Please direct all resume submissions to QuantTalentASIA@mlp.com and reference REQ-30162 as the subject.
Job Specification: Quant Research Engineer
Preferred Candidate Profile
• Top-tier academic background from a globally top-20 university (e.g., MIT, Harvard, Princeton, Stanford, Caltech)
• PhD-level training in Computer Science, Engineering, Physics, Mathematics, or Statistics preferred
• Gold medal in a national or international olympiad (IMO, CMO, IOI, NOI, IPhO, CPhO) strongly preferred
• Prior experience at a top-tier quantitative trading firm or a leading AI/technology company preferred
• Demonstrated passion for applying AI — candidates who have built LLM-powered tools into their own research or engineering workflow stand out
Key Responsibilities
Core Infrastructure Ownership:
• Design, build, and maintain the firm’s core quant pipelines, data infrastructure, and research and production compute environments.
• Ensure the reliability, scalability, and performance of critical systems central to our research and trading activities.
• Drive the architectural vision for our next-generation data and compute platform — including how AI-native capabilities (LLM services, agentic workflows, retrieval infrastructure) are embedded into the research stack.
Collaboration & Integration:
• Partner directly with Quantitative Researchers and other development teams to understand their requirements and integrate new components into the core infrastructure.
• Act as a central point of expertise, facilitating the seamless flow of data and computation across teams and systems.
• Identify where AI can accelerate the research process — from literature ingestion and data exploration to signal prototyping — and build the tooling that makes it routine.
• Establish and enforce rigorous standards for system design, code quality, testing, and deployment.
DevOps & AI-Augmented Operations:
• Own the deployment, monitoring, and operational health of production and research systems.
• Implement robust observability, logging, and alerting frameworks; apply AI-assisted techniques (automated log analysis, anomaly detection, intelligent incident triage) to raise the bar on reliability.

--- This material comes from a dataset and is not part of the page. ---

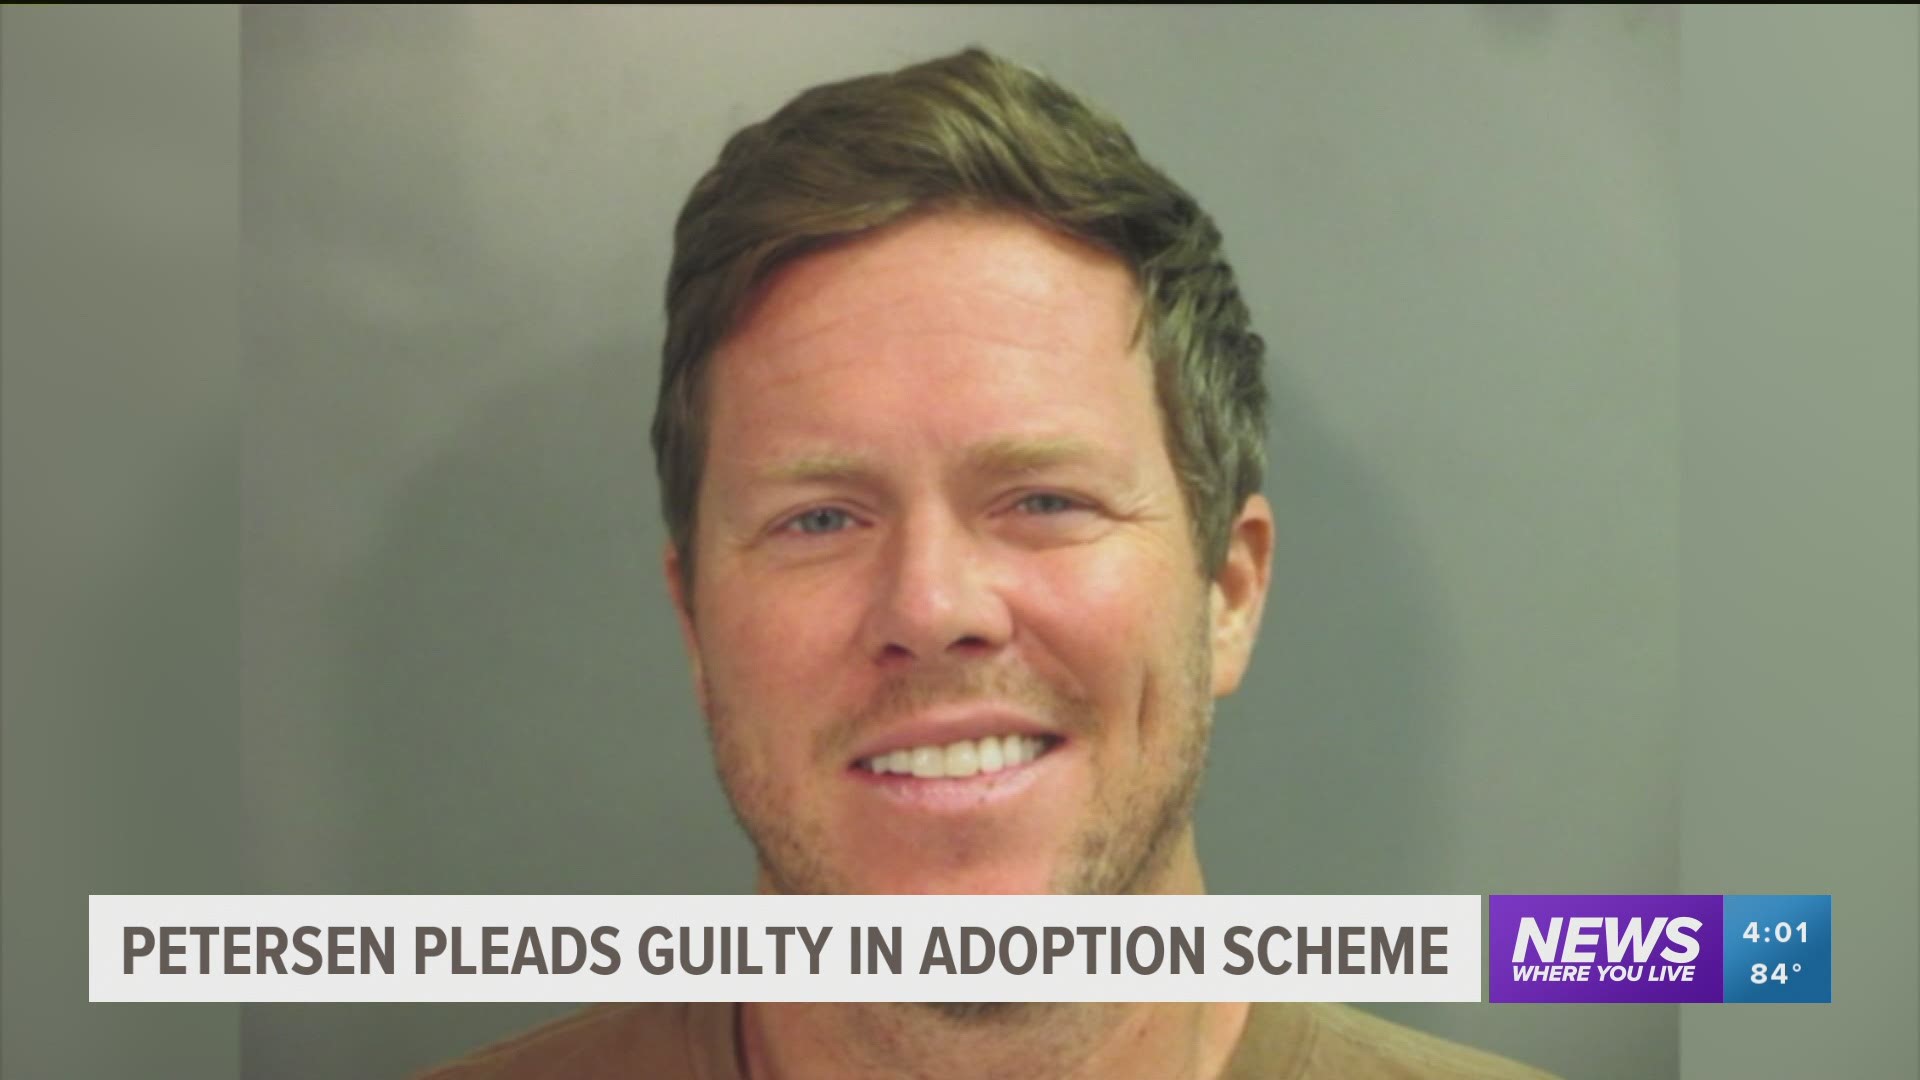 Paul Petersen pleads guilty in adoption scheme

• Drive infrastructure-as-code practices and automate operational workflows, leveraging AI coding agents and LLM tooling where they demonstrably improve velocity and quality.
Qualifications & Experience
• 3–5 years of professional experience in a quantitative development role, focused on building and maintaining quantitative research and production pipelines. Alternatively, significant engineering experience in a fast-paced startup — or strong hands-on AI/LLM engineering experience (building production LLM applications, agentic systems, or AI-powered developer
tooling) — with demonstrated ownership of complex infrastructure will be considered in lieu of direct quant experience.
• Proven, end-to-end ownership of a significant piece of trading, research, high-performance, or AI infrastructure.
• Deep expertise in modern C++ and Python in a high-performance computing context.
• Demonstrable experience with large-scale data infrastructure (e.g., real-time/streaming and historical tick data).
• Strong background in cloud computing (AWS, GCP, or Azure) and parallel computing paradigms.
Hard Skills & Technical Knowledge:
• Broad knowledge of the technology landscape and the judgment to select the right tool for the problem (e.g., KDB+, Apache Spark, Dask, Redis).
• Practical experience applying LLMs and agentic workflows to real engineering or research problems — LLM APIs, agent frameworks, retrieval-augmented generation, and structured output pipelines — with sound judgment about where AI adds value and where determinism must be preserved.
• Proficiency with different database designs — SQL, NoSQL, and distributed file systems.
• Experience with containerization and orchestration technologies (Docker, Kubernetes).
• Strong experience with DevOps practices: infrastructure-as-code (Terraform, CloudFormation), CI/CD pipelines (GitHub Actions, GitLab CI), and system observability — including familiarity with AI-assisted operations tooling.
Soft Skills:
• Exceptional Logical & Reflective Thinking: Ability to deconstruct complex problems and design elegant, effective solutions.
• Proactive Collaboration: A team player who thrives in a collaborative environment and builds strong partnerships.
• High Integrity: Takes initiative and ownership of projects, upholding rigorous ethical standards in handling sensitive data and models.
• Growth Mindset: Innate curiosity and commitment to continuous improvement — including genuine enthusiasm for the rapidly evolving AI landscape and a track record of adopting new tools ahead of the curve.
• Superb Communication: Can articulate complex technical concepts to both technical and non-technical stakeholders.